Mr. Adkins was reduced in rank for his failure.
“I don’t remember exactly why I didn’t recommend the clearance be removed specifically,” he said. “But the intent in regards to him staying in the [unit] was, I felt that his presence what he provided to us as an intelligence section was important enough to retain him.”
On April 26, Mr. Adkins wrote a memo “for the record” — but not to a superior: “SPC Manning has exhibited bizarre behavior, stopping in mid-sentence during conversations, giving blank stares when spoken to, and similar behavior, which has increased in frequency and intensity.”
Chief Warrant Officer Joshua Ehresman testified that he had witnessed Manning’s hot temper in December 2009, when another soldier was counseling him for being late.

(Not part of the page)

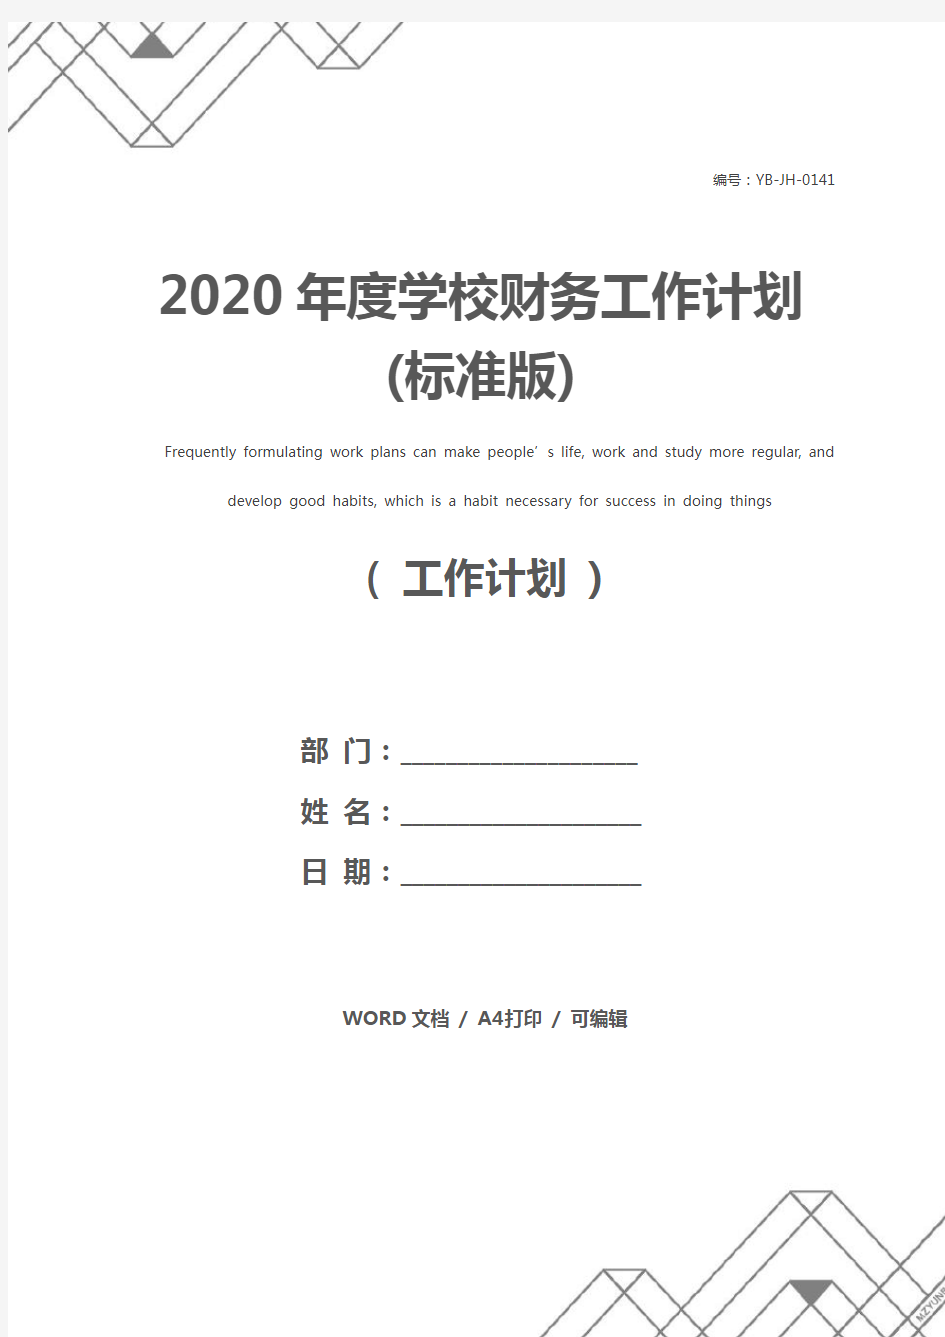 2020年度学校财务工作计划(标准版)

“He got angry and he slammed his fist on the table,” Warrant Officer Ehresman said. “And he grabbed on to the table and he lifted it and put his arm under it and lifted it over and dumped the computers onto the floor.”
“Appropriate action has been taken against 15 individuals identified in Lt. Gen. Caslen’s report,” Army spokesman Troy Rolan told The Washington Times. “In accordance with the Army’s long-standing policy to protect the privacy of individuals below the general officer level, specific information concerning their misconduct is not releasable.”